BEGIN

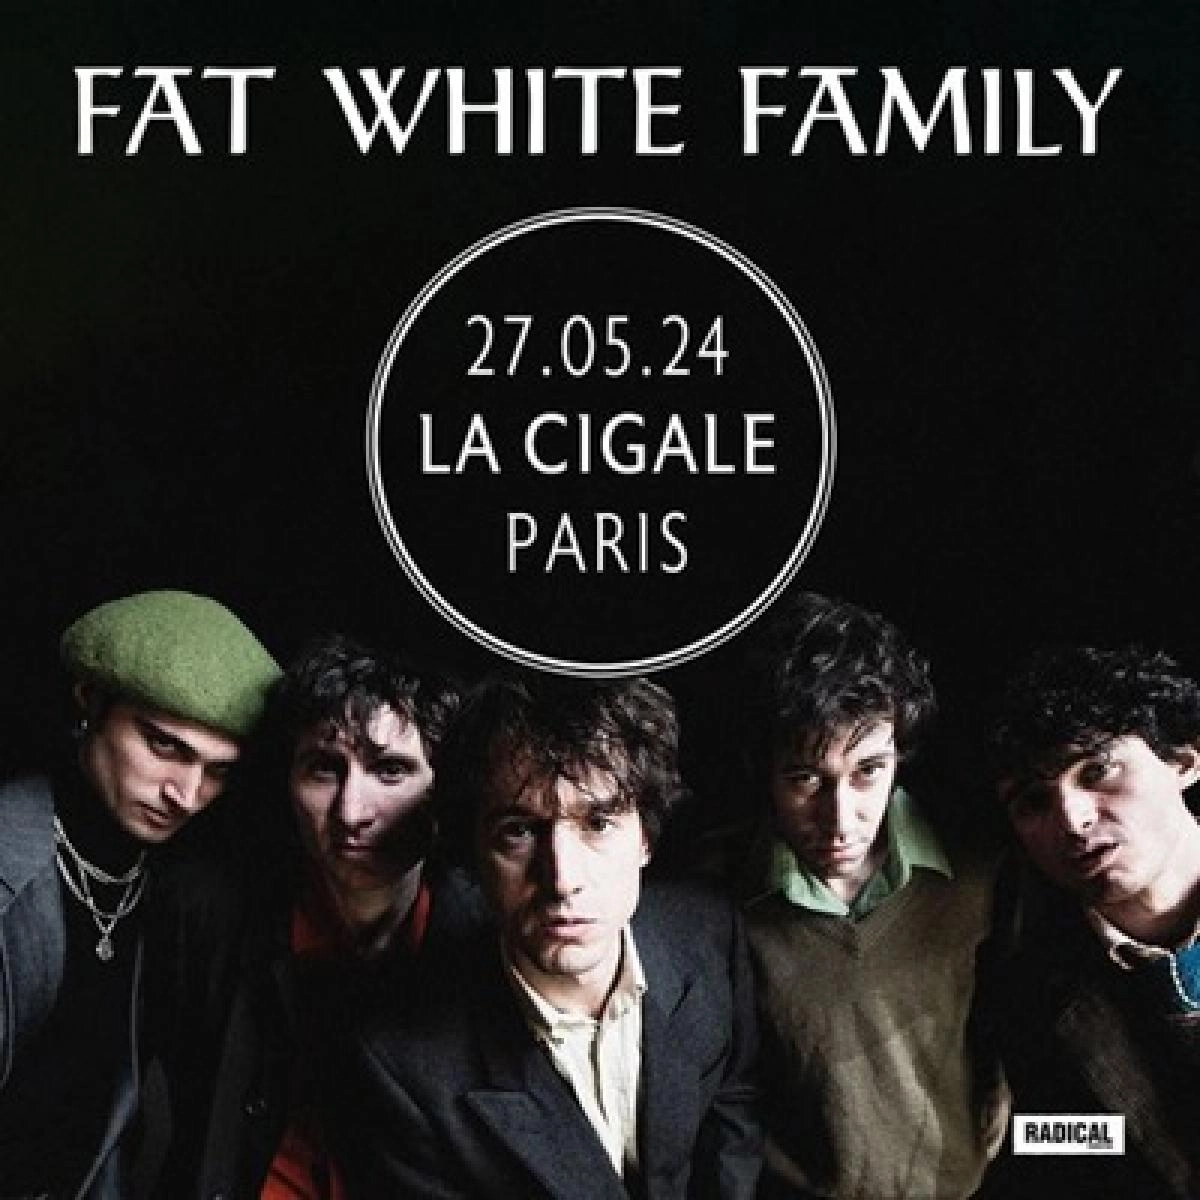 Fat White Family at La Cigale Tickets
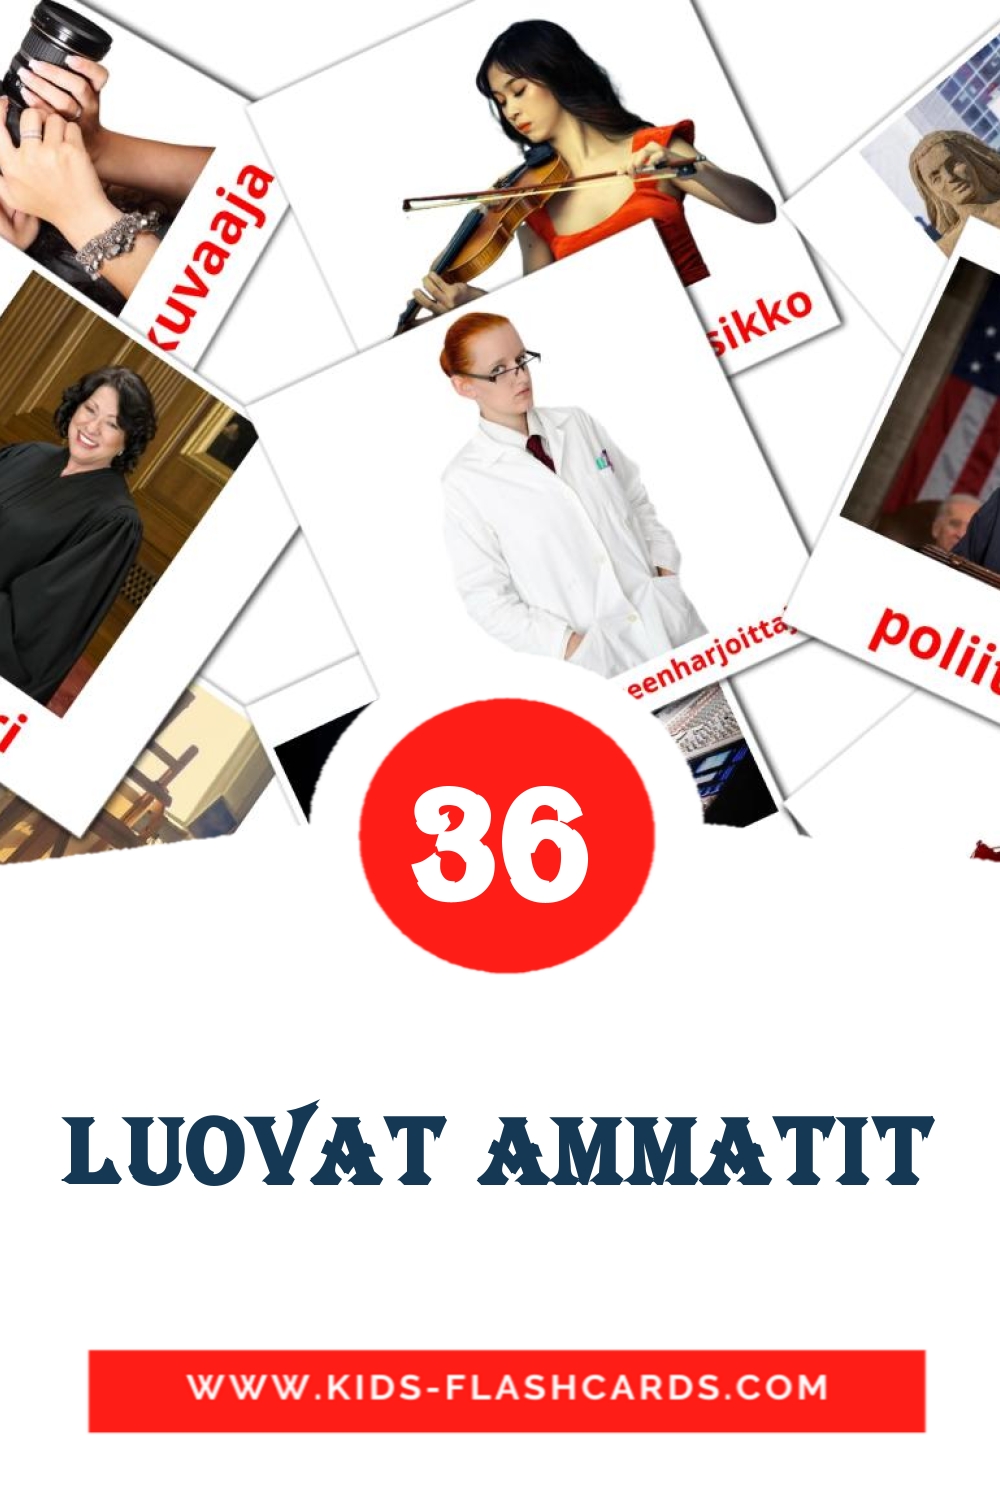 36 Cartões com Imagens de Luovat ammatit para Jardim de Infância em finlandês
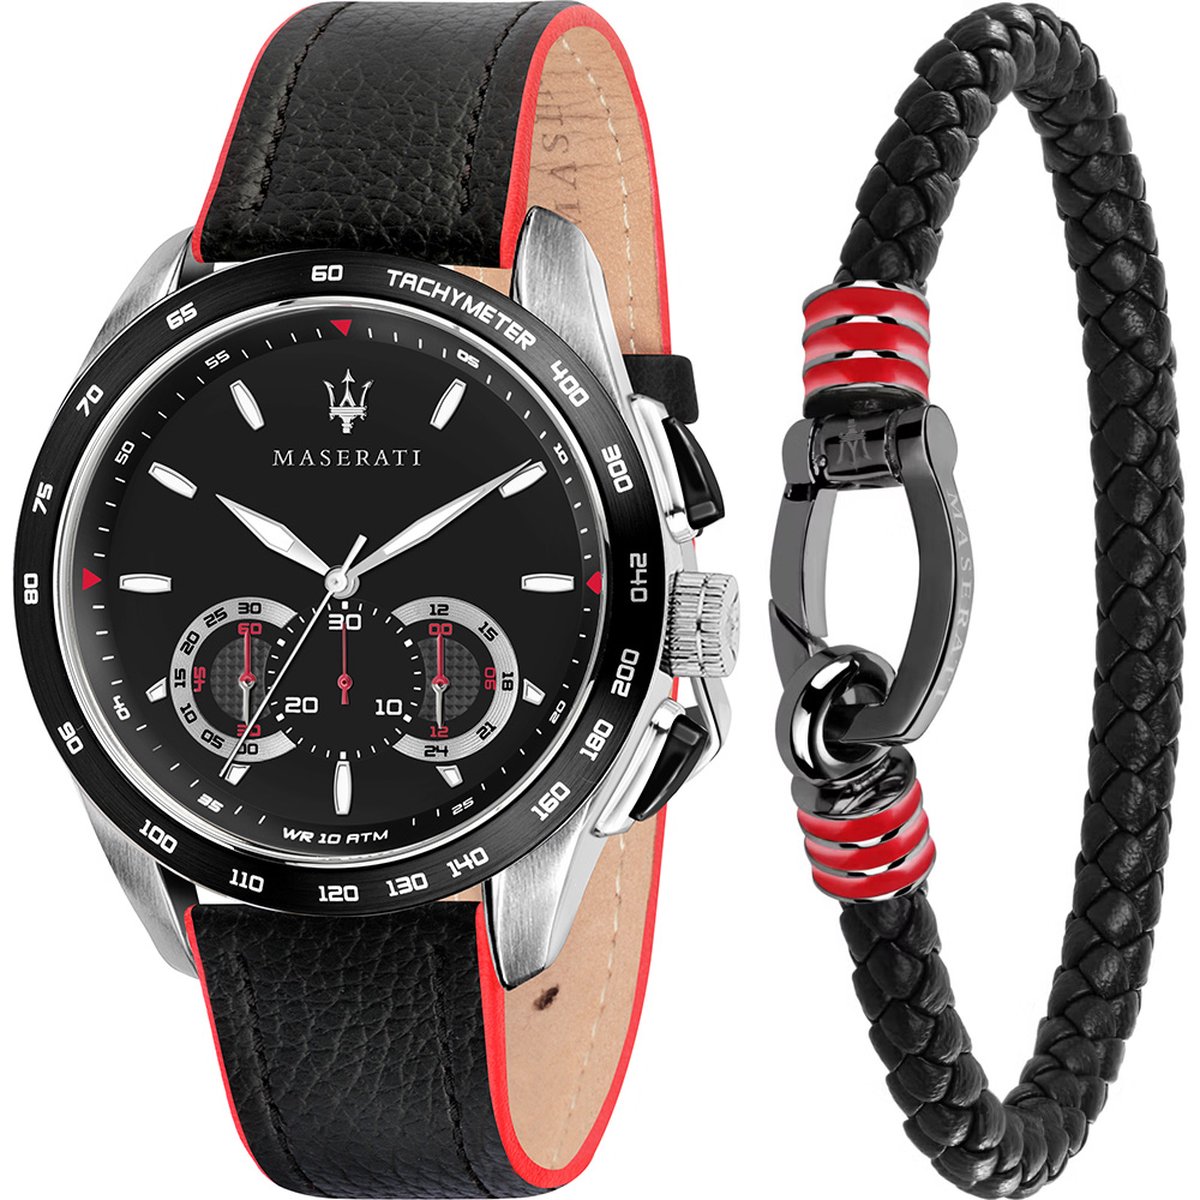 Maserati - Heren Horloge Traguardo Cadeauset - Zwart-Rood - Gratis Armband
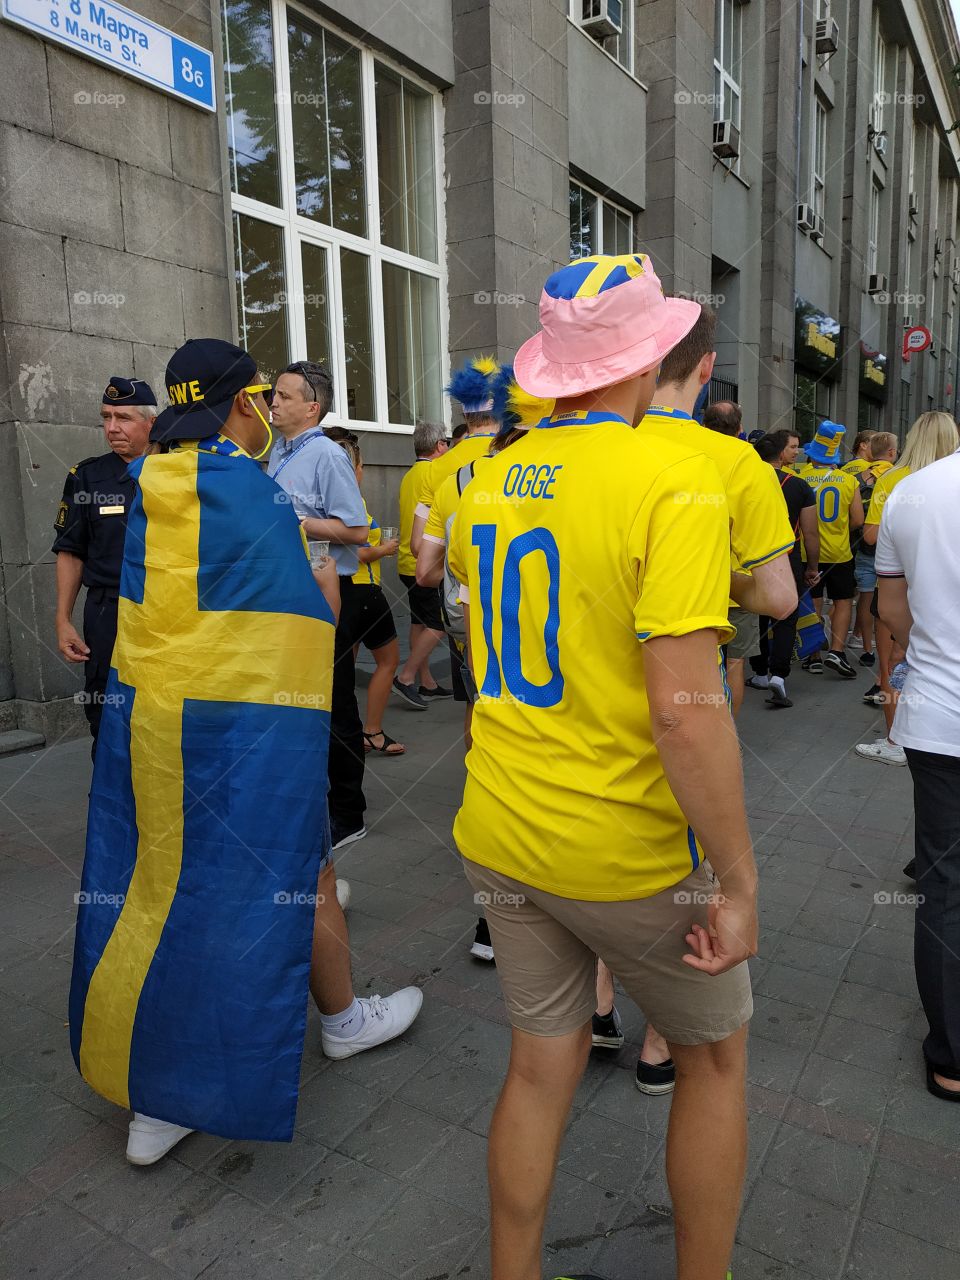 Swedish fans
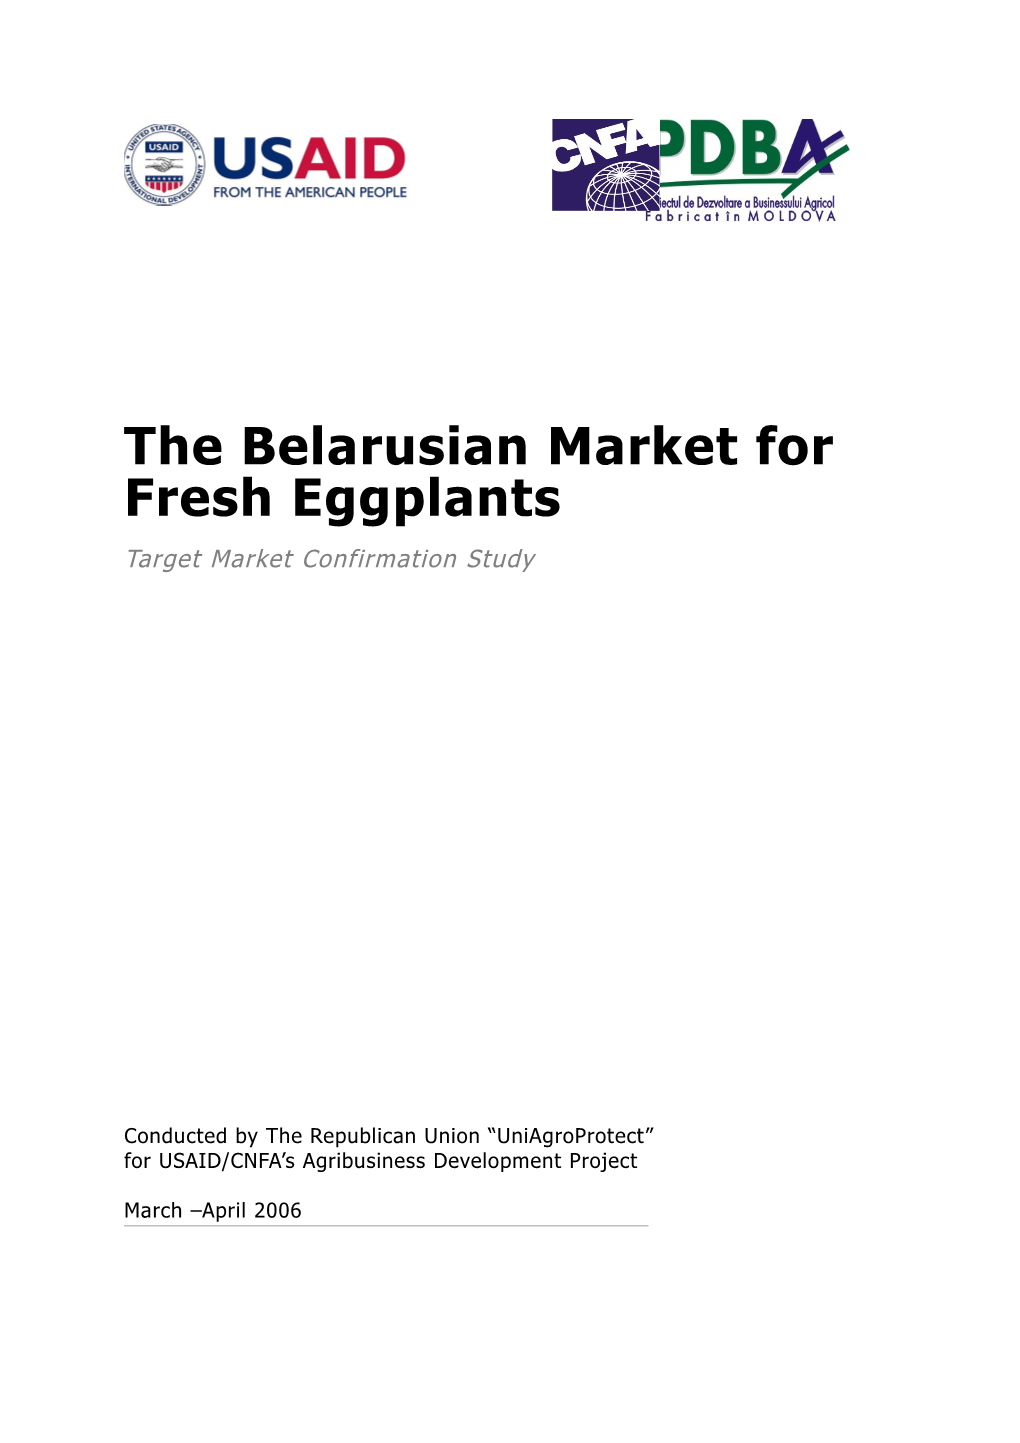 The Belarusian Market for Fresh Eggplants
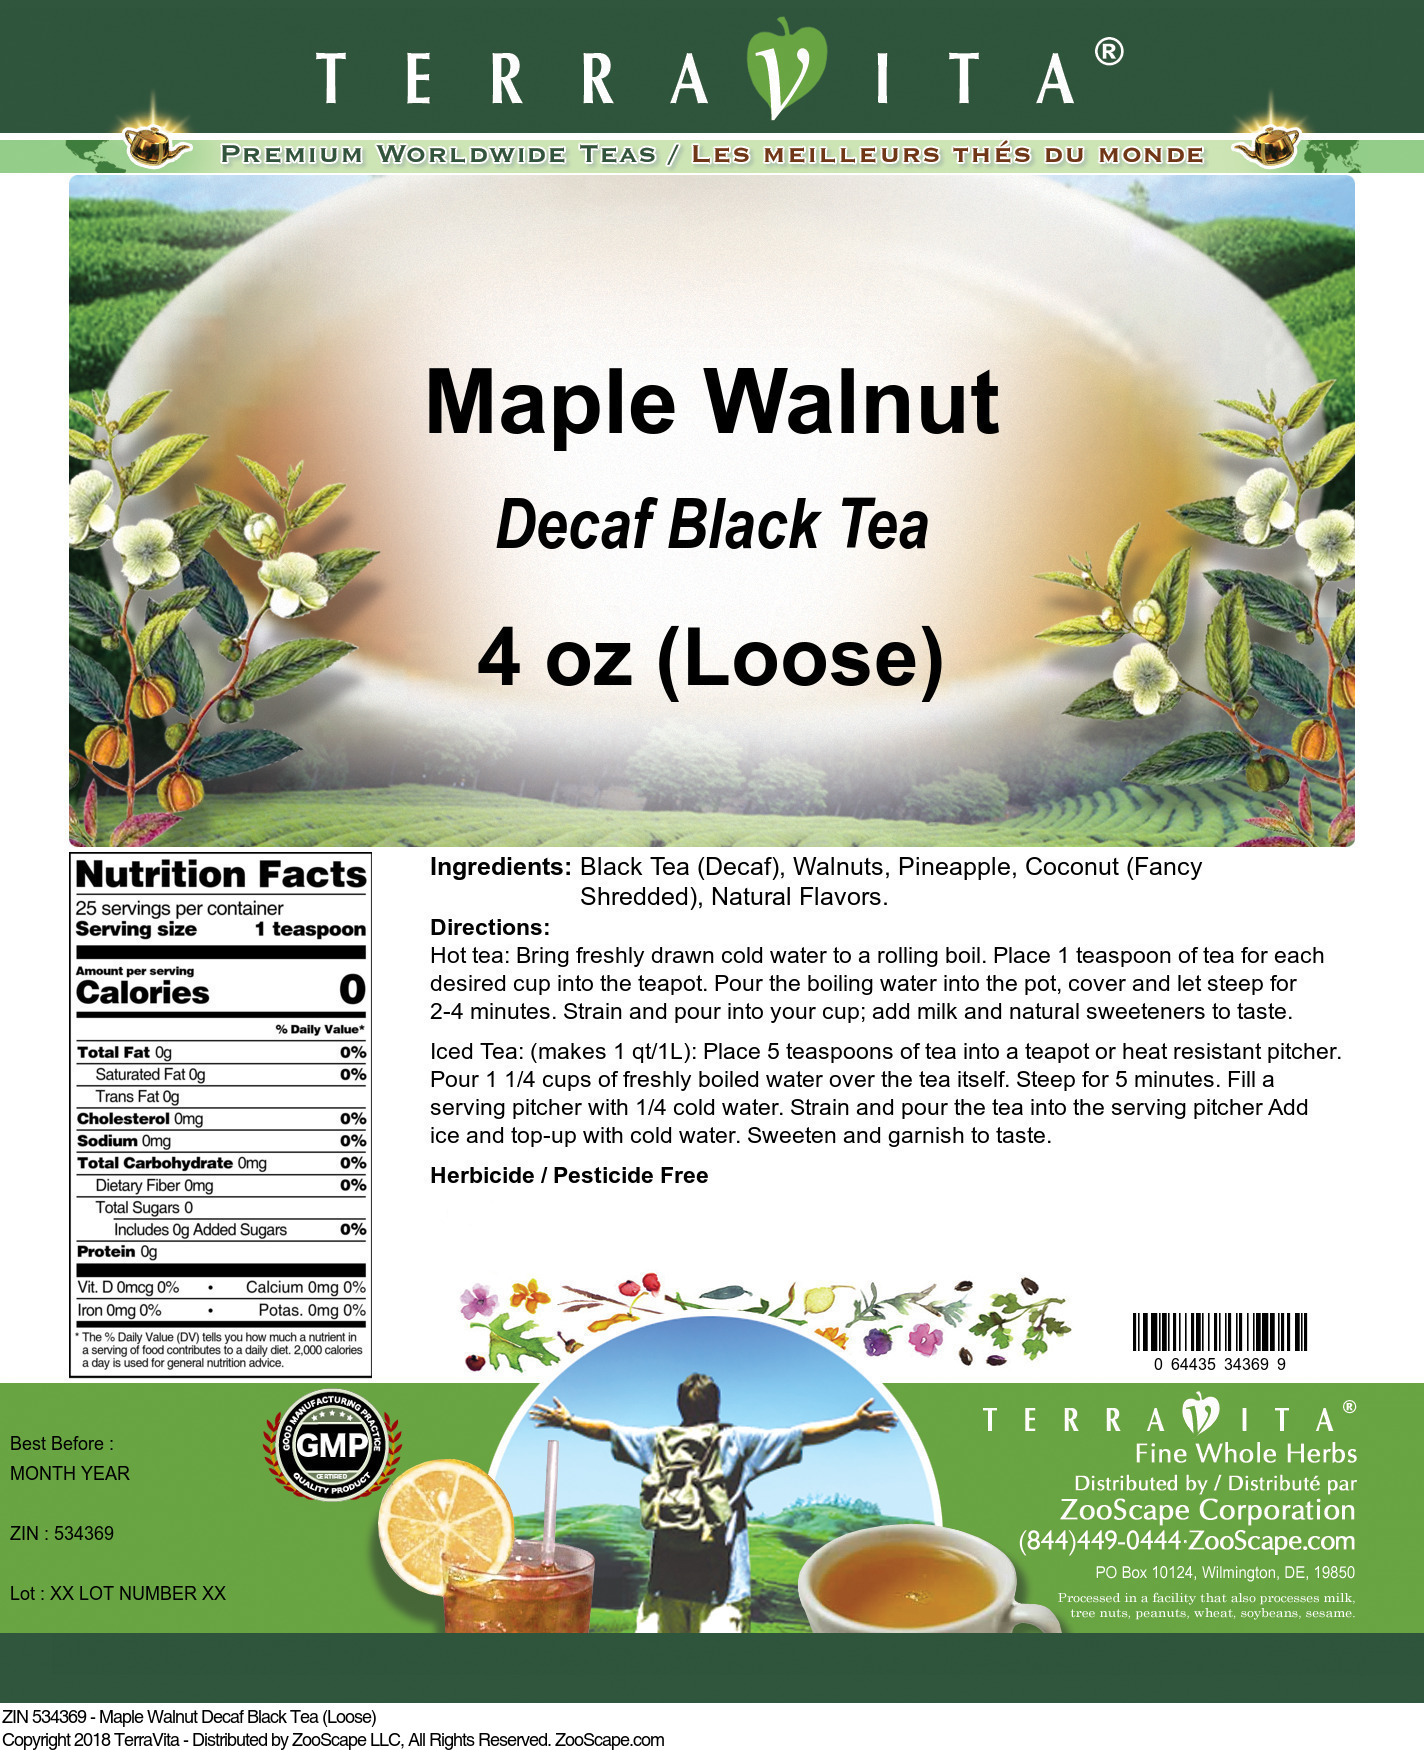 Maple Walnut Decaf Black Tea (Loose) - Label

END

§ **PROBLEM TO WORK ON**
Transcribe the records above exactly, excluding every picture.

§ **EXERCISE RESPONSE**
 Fat White Family at La Cigale Tickets
 36 Cartões com Imagens de Luovat ammatit para Jardim de Infância em finlandês
 Maserati - Heren Horloge Traguardo Cadeauset - Zwart-Rood - Gratis Armband
 Swedish fans
 The Belarusian Market for Fresh Eggplants
 Maple Walnut Decaf Black Tea (Loose) - Label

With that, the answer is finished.